Does this mean that companies can raise prices at will and are engaged in what is called ‘price-gouging’? Marx, arguing with Weston in 1865, did not think that was the case in general. The power of competition still ruled. George Pearkes, an analyst at Bespoke Investment, pointed to Caterpillar, which recorded a 958 percent profit increase driven by volume growth and price realization between 2019 and 2021’s fourth quarters. Eliminating price increases may have dropped the company’s 2021 quarter four operating profits slightly below the $1.3 billion it made in 2020. “This isn’t price gouging … and it shows pretty concretely that there’s a lot of nuance here,” Pearkes said, adding profiteering is “not the primary driver of inflation, nor the primary driver of corporate profits.”

Indeed, companies that push prices as hard as the current environment allows to maximise profits in the short run may find themselves paying a price in market share down the road as others get into the game. It is clear, however, that the concentration of capital is any sector, the greater ability to hike prices. “When you go from 15 to 10 companies, not much changes,” one analyst argued. “When you go from 10 to six, a lot changes. But when you go from six to four—it’s a fix.”
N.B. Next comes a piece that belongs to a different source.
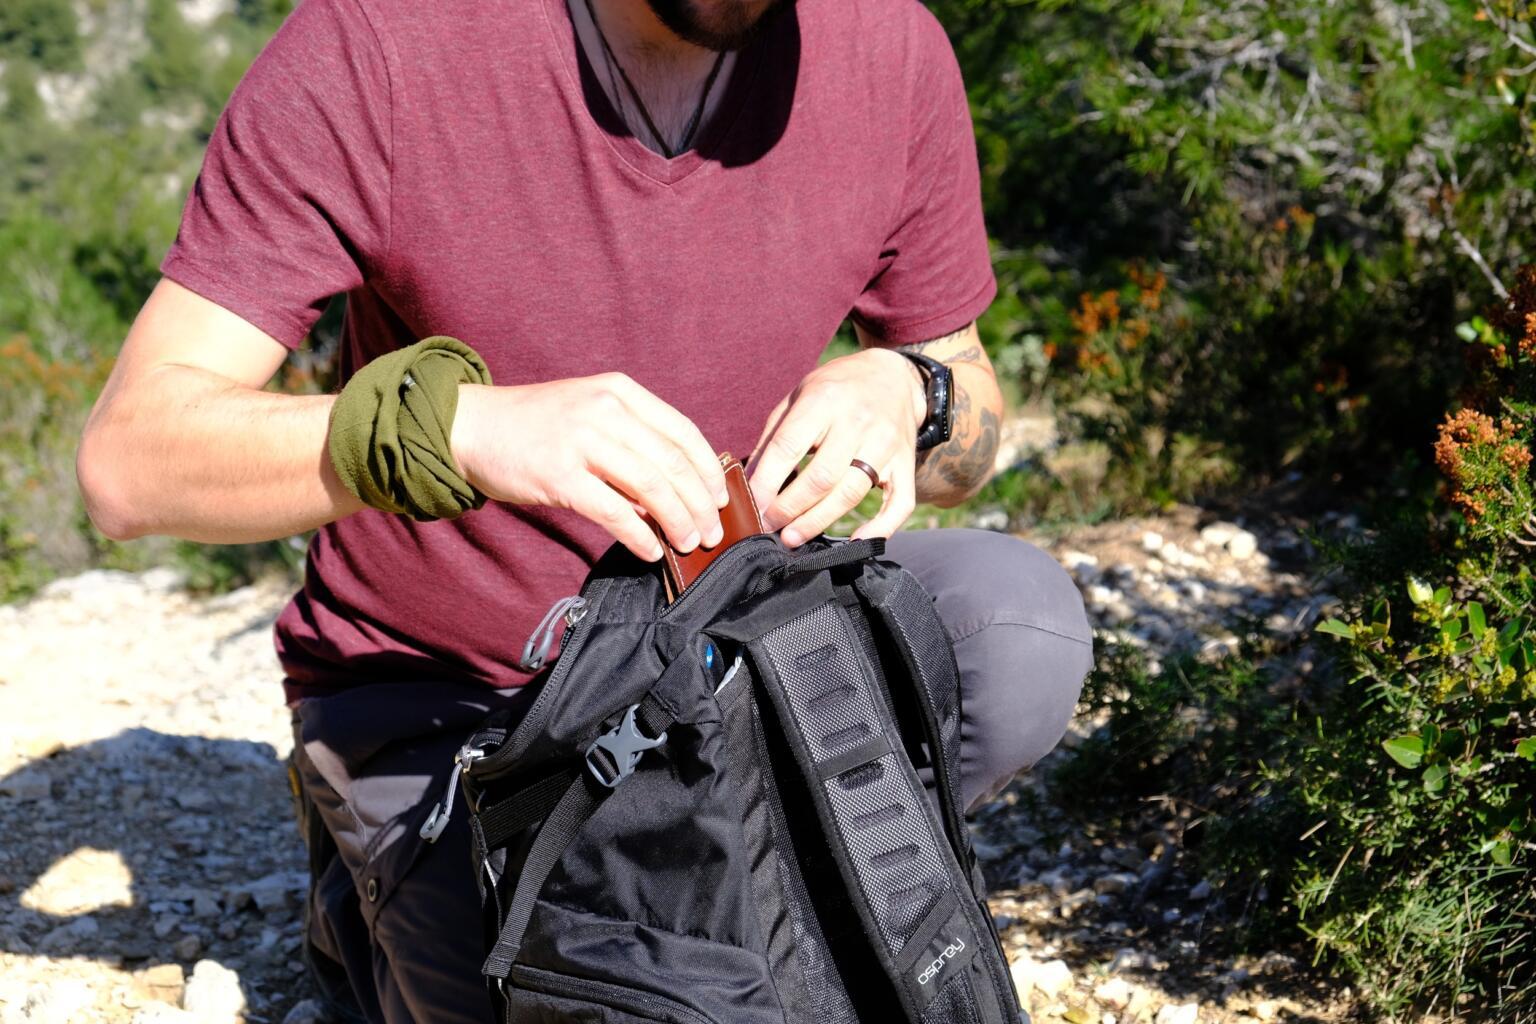 osprey skarab review

Recently, the UK’s Competitions and Market Authority (CMA) published an important report. The CMA found a mixed picture. Profit persistence has increased as measured by markups over marginal costs and the return on capital but not when measured by profits before tax.

And the CMA also found that the more international competition there was, the less ability for firms to increase prices and mark-ups. “This highlights the important role that international trade plays in contributing to keeping UK markets competitive.” The BIS summed up this debate: “In product markets, the degree of competition comes into play. Firms with higher markups—an indication of greater market power—could raise prices when wages increase, while those without such pricing power may hesitate to do so. Strategic considerations in price-setting are also relevant. Firms may feel more comfortable raising prices if they believe their competitors will also do so. Price increases are more likely when demand is strong. With less concern about losing sales and less room to adjust profit margins, even firms with less pricing power could pass higher costs through to customers.”

As a partner at Bain & Company, an adviser to many corporations, argued, “when times are tough, screw your customers while the screwing is good!” The consultant went on: “I don’t think this is actually nefarious at all. Companies should charge what they can. Profit is the point of the whole exercise.”

Michael Roberts is a Marxist economist based in London, England. He is the author of several books including The Great Recession: A Marxist view (2009), The Long Depression (2016), and Marx 200: A Review of Marx’s Economics 200 Years After His Birth (2018).